My eyes narrowed with concern. “Go on.”
“I was with him at the ranger station, and he asked if my son Matthew would be willing to babysit for Jeremiah that Saturday night. All night. He was wondering if Matthew could sleep over at his house.”
“Why didn’t he have Adrian do it?”
“That’s the thing. Ellen and Adrian were both out of town. She was off at some retail conference in New Orleans, and Adrian went with her.”
“Ah.” I got the picture.
“Yes, you see why it bothered me, right? Dennis was going to be gone all night, and he wanted a babysitter from Stanton, not Everywhere. He didn’t want the news getting around. I was pretty sure he was having an affair and looking for a way to hide it.”
“Well, I doubt it’s the first time, if you believe the rumors.”
“Oh, I’m sure that’s true. Like I say, I know Dennis, warts and all. I wasn’t crazy about it, but I agreed to let Matthew do it. He’s been trying to save money to buy a telescope, and Dennis was offering a hundred dollars to have him stay over. I knew Matthew could use the cash.”
“So what happened?”
“Well, it seemed to go fine. Matthew and Jeremiah hung out watching TV and playing video games during the evening, and then he got Jeremiah ready for bed around nine thirty. No problem. Except I got a call from Matthew at one in the morning. He was in a panic.”
“Why?”
“He went to check on Jeremiah before he went to bed himself. The boy wasn’t in his room.”
“He was gone?”
“Yes. Matthew was about to call 911, but I told him first to search the house and then walk around the yard to see if he could find the boy anywhere. That’s what he did. Matthew found Jeremiah hanging out on the back porch below his bedroom window. He said he’d climbed down to watch the stars.”
“So what’s the problem?”
“Well, Matthew was pretty sure that Jeremiah was lying. The boy wasn’t in his pajamas anymore. He’d changed clothes. And his shoes were all muddy, like he’d been off in the woods somewhere. Matthew asked him about it, but the boy swore he hadn’t been anywhere. He said he went out in the middle of the lawn, and that was that.”
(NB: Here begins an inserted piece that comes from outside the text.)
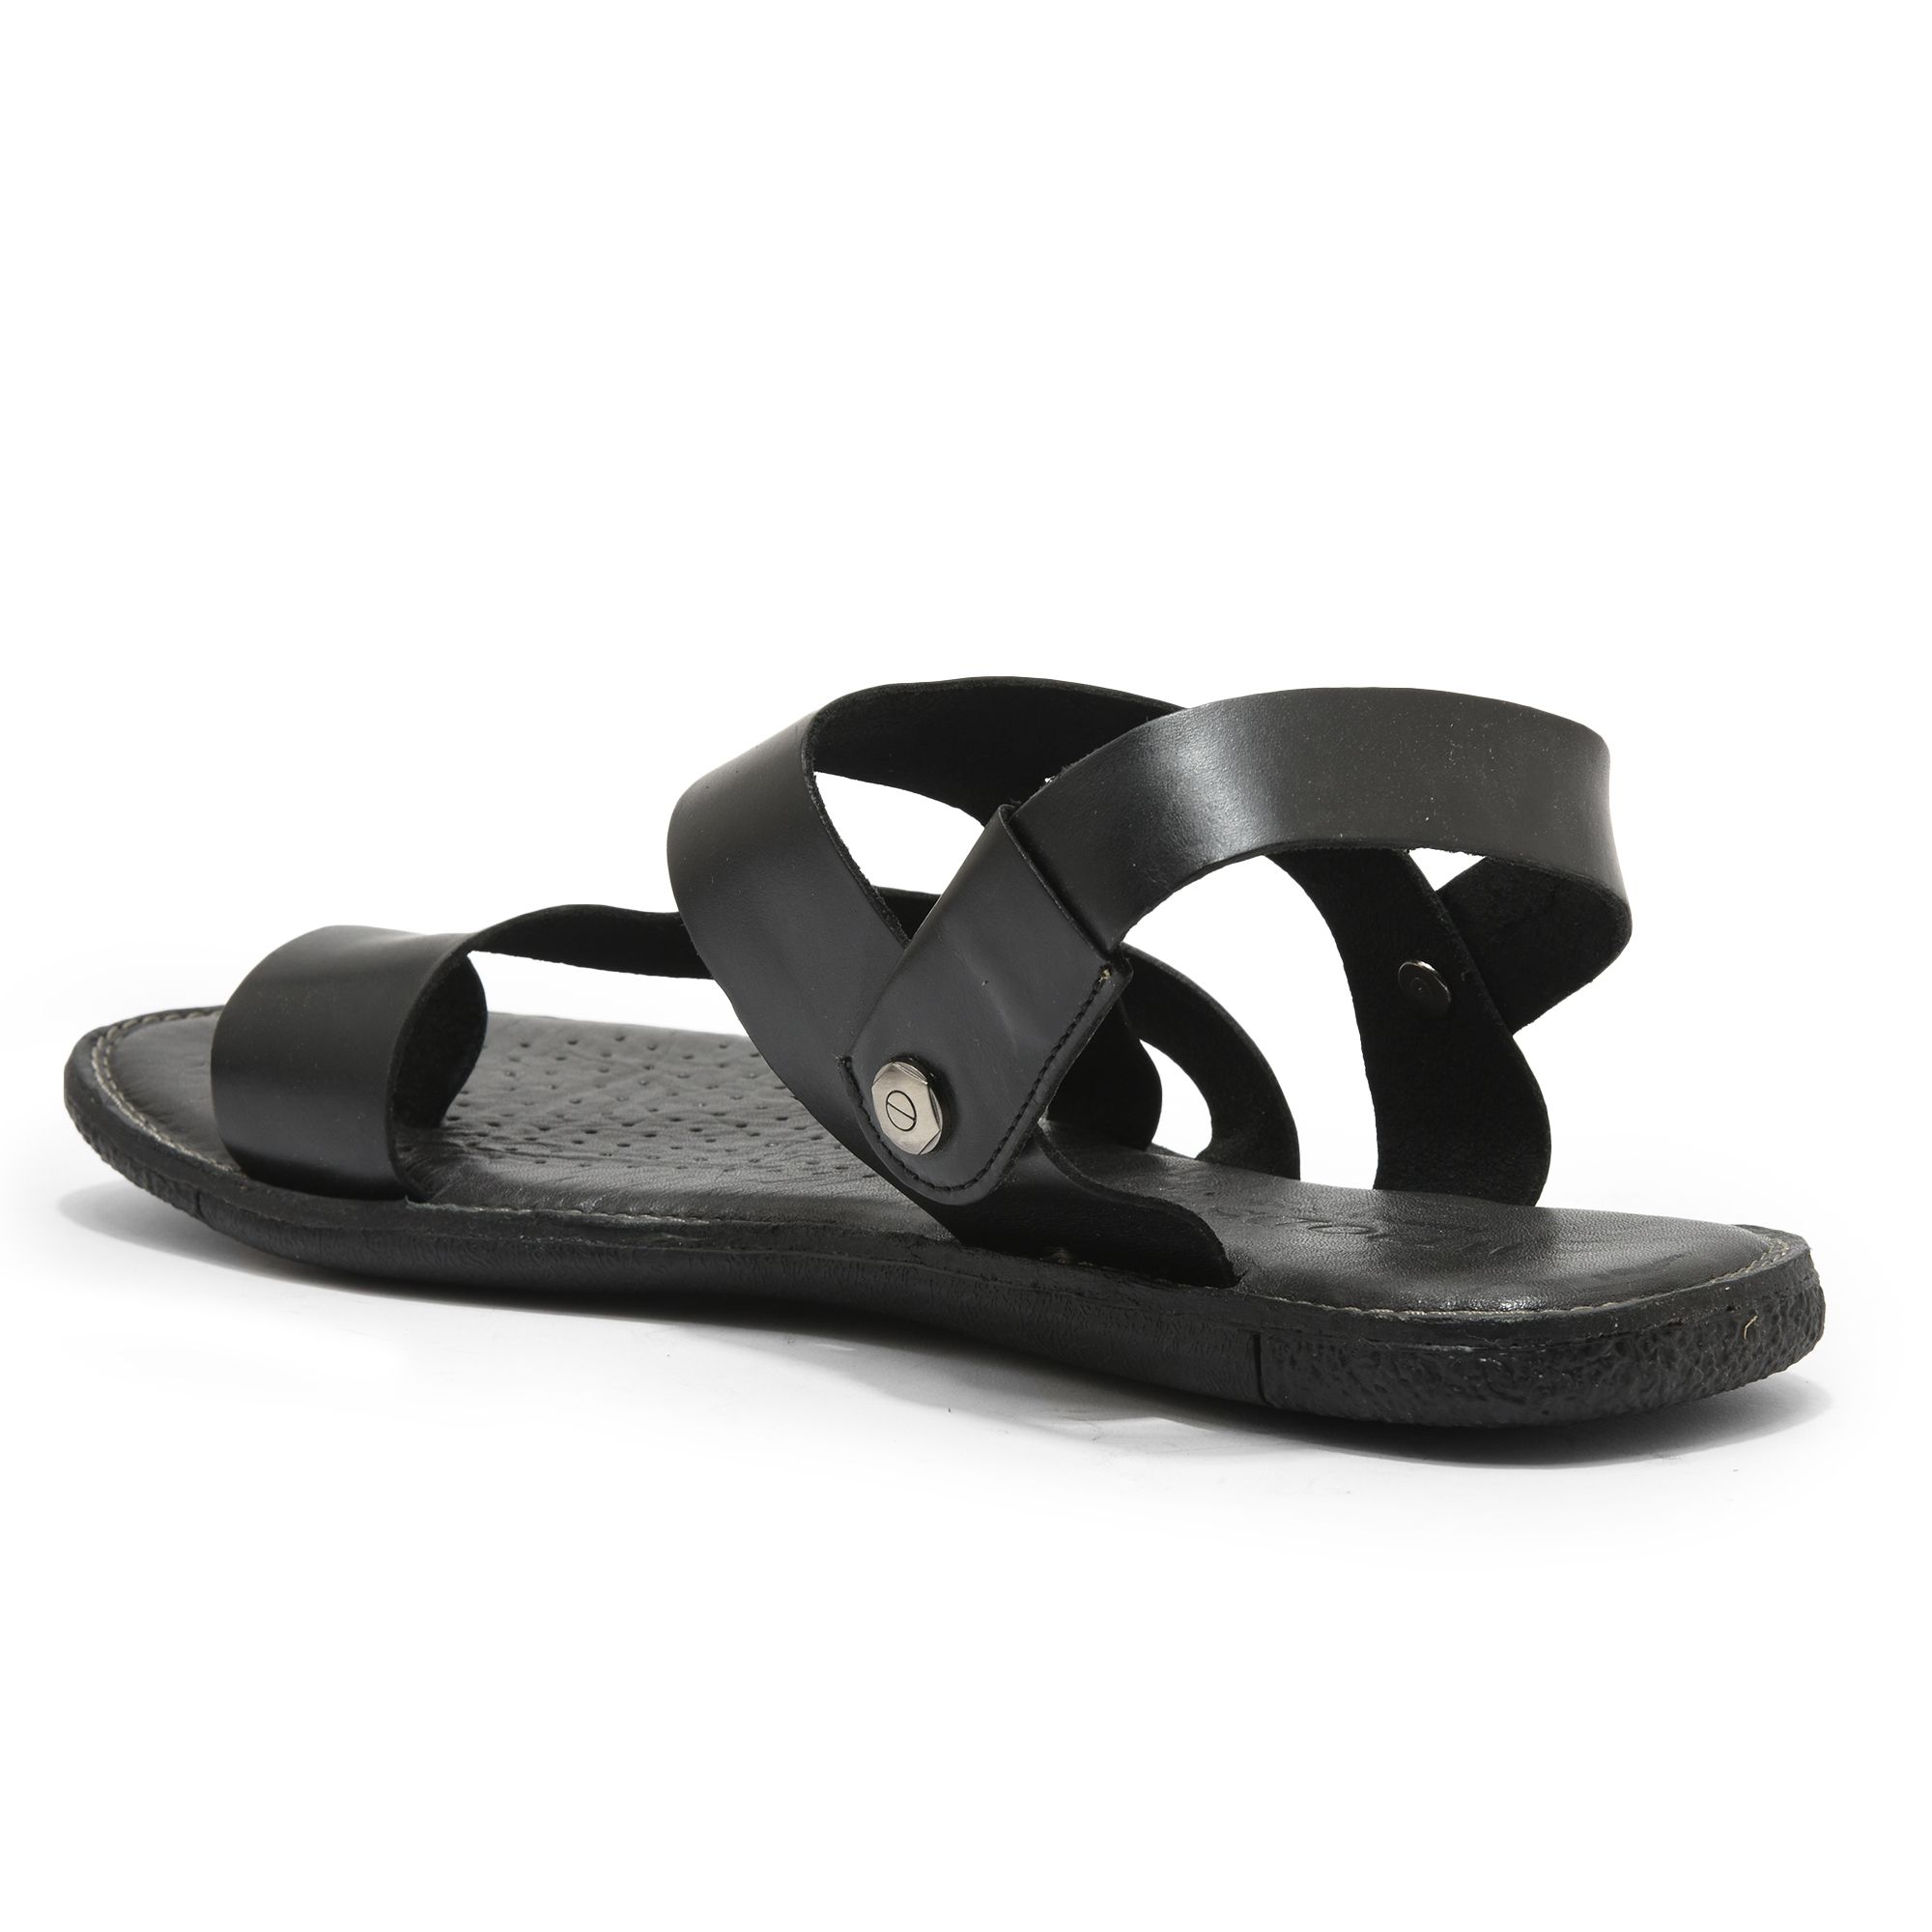 Black leather sandal for men

“But?” I asked, because I could tell the story wasn’t over.
“But Matthew said something else, too. He told me the boy looked really, really scared. I mean, the poor kid was trembling. It was like Jeremiah had seen a monster.”
Chapter Twenty
I slept through my alarm on Sunday morning. Instead of waking up at five thirty, I woke up at seven. My father was already gone. His cruiser wasn’t in the driveway. I got ready quickly and then made my usual stop at the Nowhere Café for breakfast. Like last night, the tables were filled with out-of-towners.
I called out my order to Breezy and took a seat at the counter next to Adam. He was on the same stool he’d been at the previous night, looking as if he’d never left, except for the fact that he was back in his deputy’s uniform. His eyes were bloodshot and rimmed with dark circles, his hair was dirty, and he had a pot of coffee and four aspirin on the counter in front of him, the universal clues of someone nursing a hangover.
“You get the license plate?” I asked.
“What?”
“Of the truck that ran you over.”
“Ha. Funny.”
I laughed, but Adam didn’t. He popped all of the aspirin onto his tongue and washed it down with coffee.
“Has my father been in here?”
“Yeah, he already went over to the office.”